A ratio is a mathematical comparison of two numbers, based on division. For example, suppose you bring 2 scarves and 3 caps with you on a ski vacation. Here are a few ways to express the ratio of scarves to caps
[tex]2:3 \: \: \: \: 2 \: to \: 3 \: \: \frac{2}{3} [/tex]
The simplest way to work with a ratio is to turn it into a fraction. Be sure to keep the order the same: The first number goes on top of the fraction, and the second number goes on the bottom.
In practice, a ratio is most useful when used to set up a proportion — that is, an equation involving two ratios. Typically, a proportion looks like a word equation, as follows:
[tex] \frac{scarves}{caps} = \frac{2}{3} [/tex]

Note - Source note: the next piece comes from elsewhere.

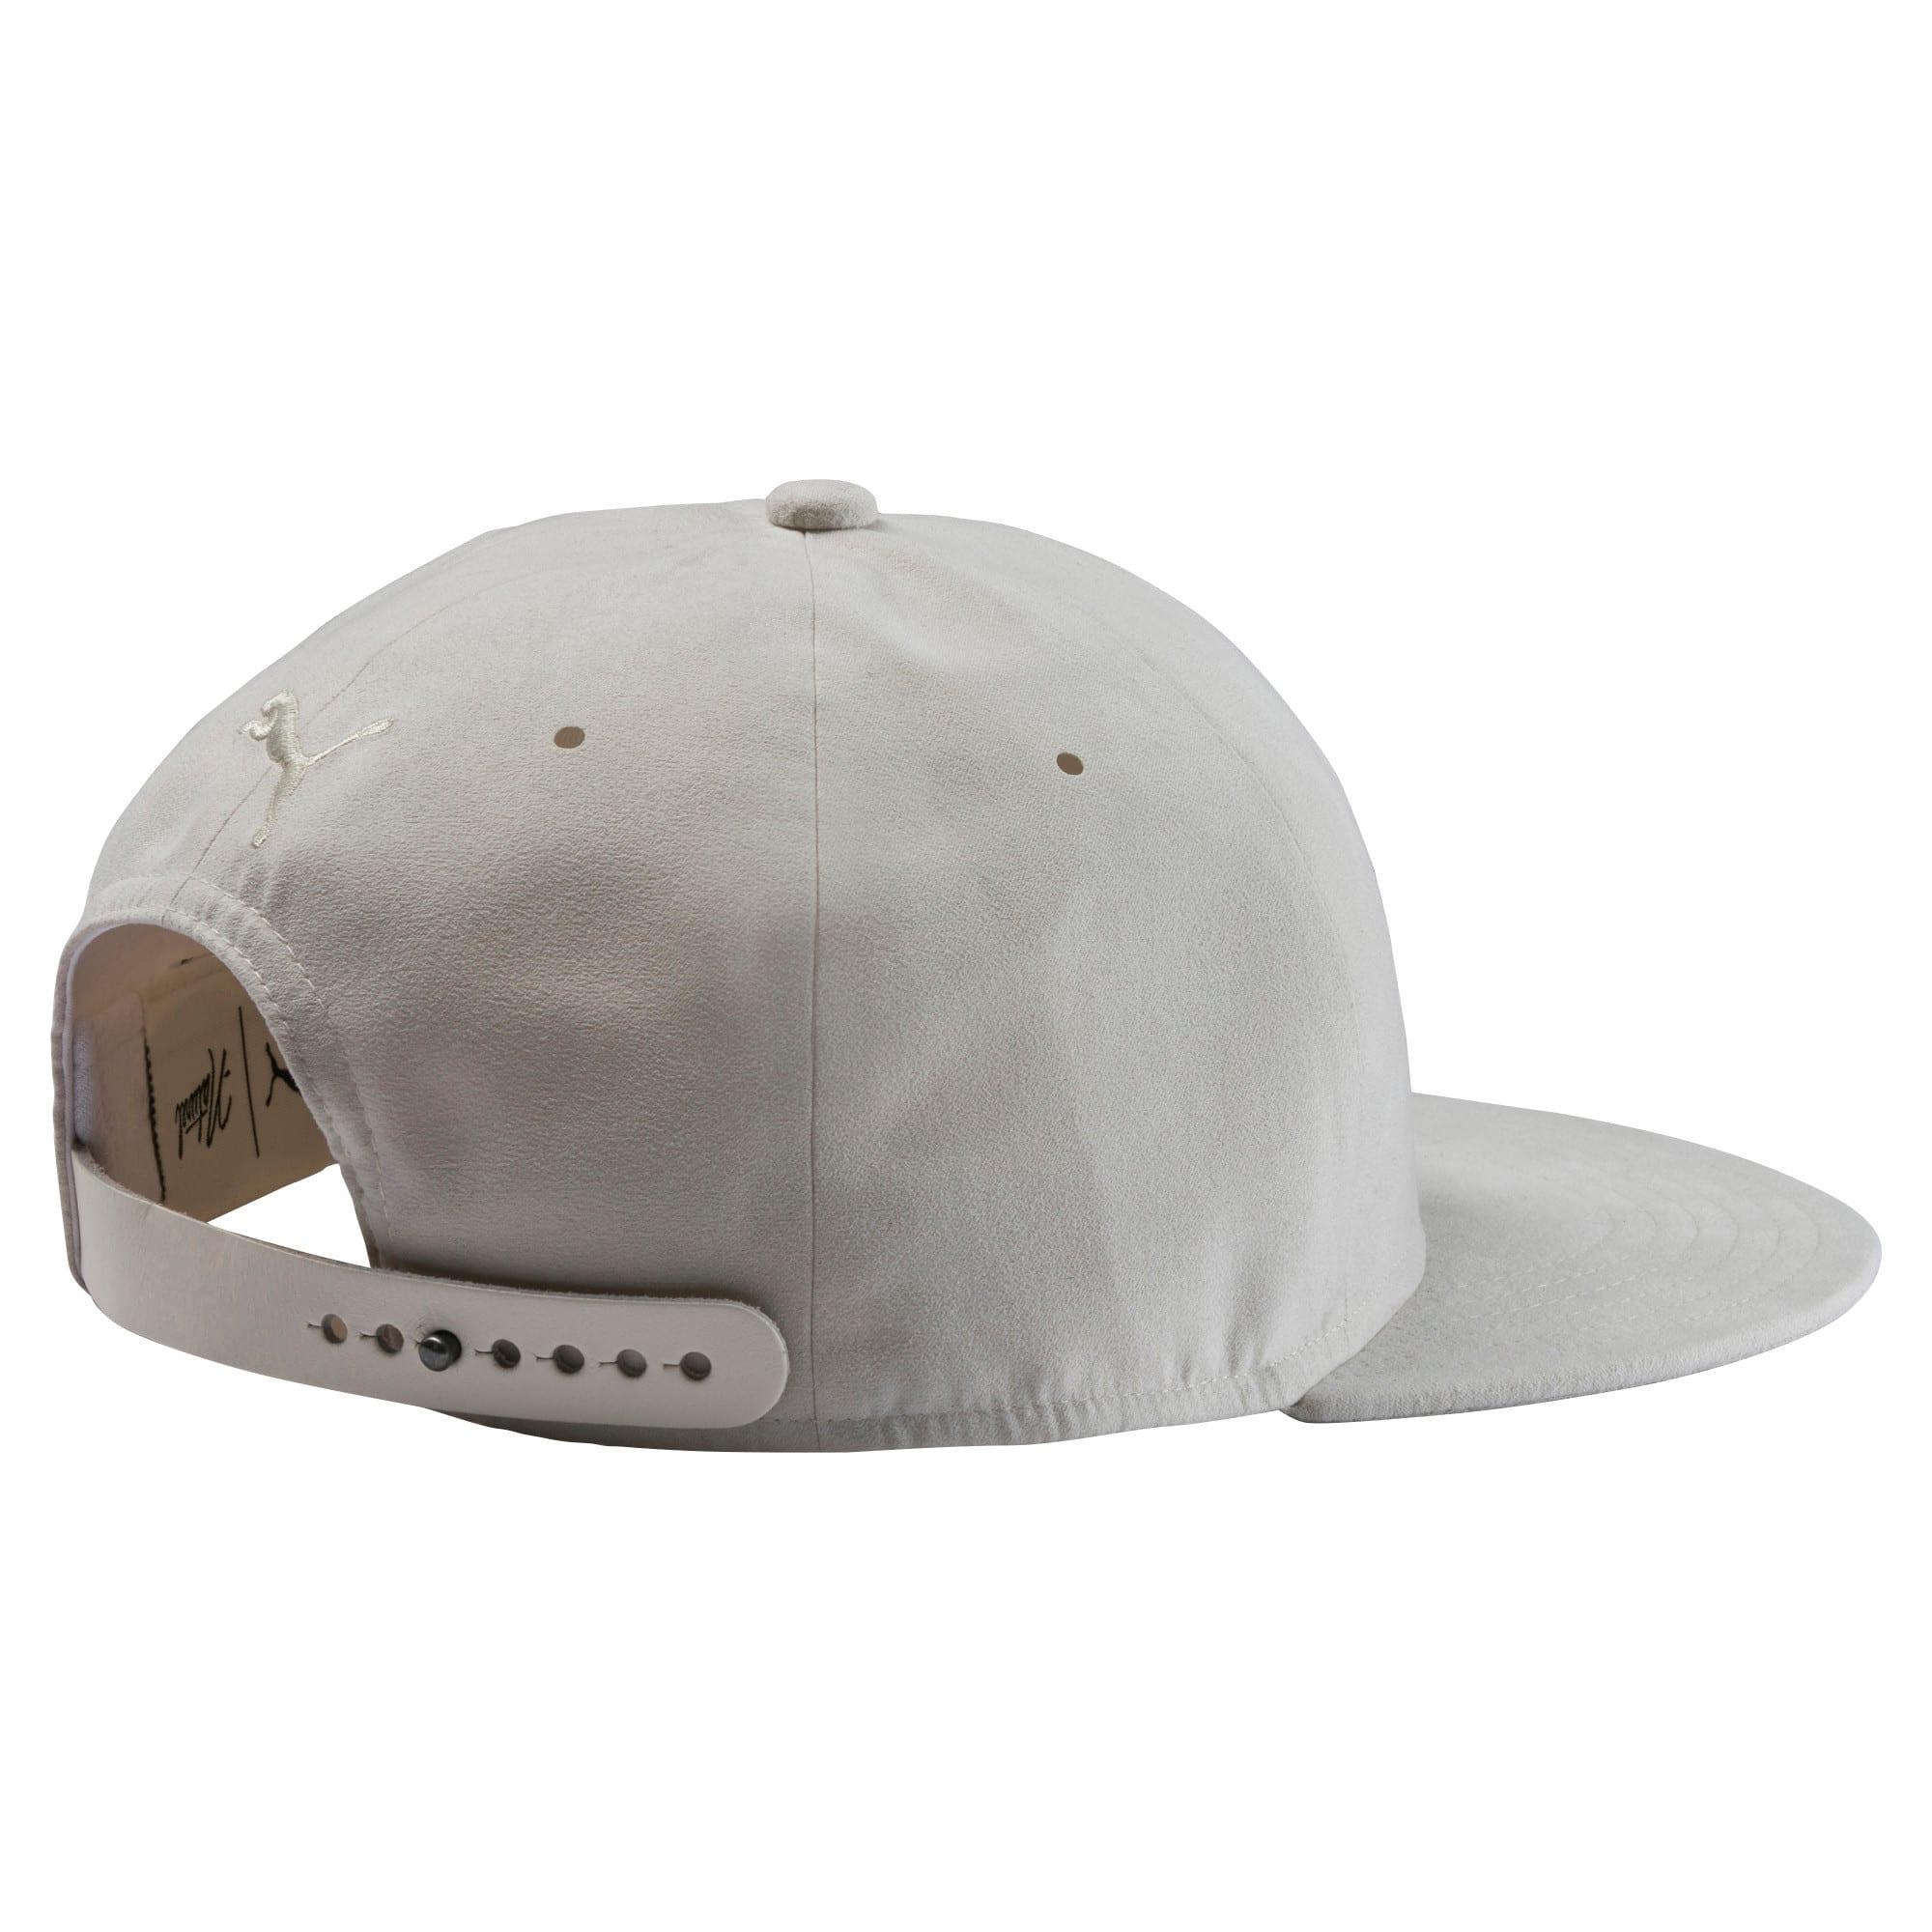 Thumbnail 3 of PUMA x NATUREL Hat, Whisper White, medium

For example, suppose you know that both you and your friend Andrew brought the same proportion of scarves to caps. If you also know that Andrew brought 8 scarves, you can use this proportion to find out how many caps he brought. Just increase the terms of the fraction
[tex] \frac{2}{3} [/tex]
so that the numerator becomes 8. Do this in two steps:
[tex] \frac{scarves}{caps} = \frac{2 \times 4}{3 \times 4} \\ \\ \frac{scarves}{caps} = \frac{8}{12} [/tex]
As you can see, the ratio 8:12 is equivalent to the ratio 2:3 because the fractions
[tex] \frac{2}{3} \: \: and \: \: \frac{8}{12} [/tex]
are equal. Therefore, Andrew brought 12 caps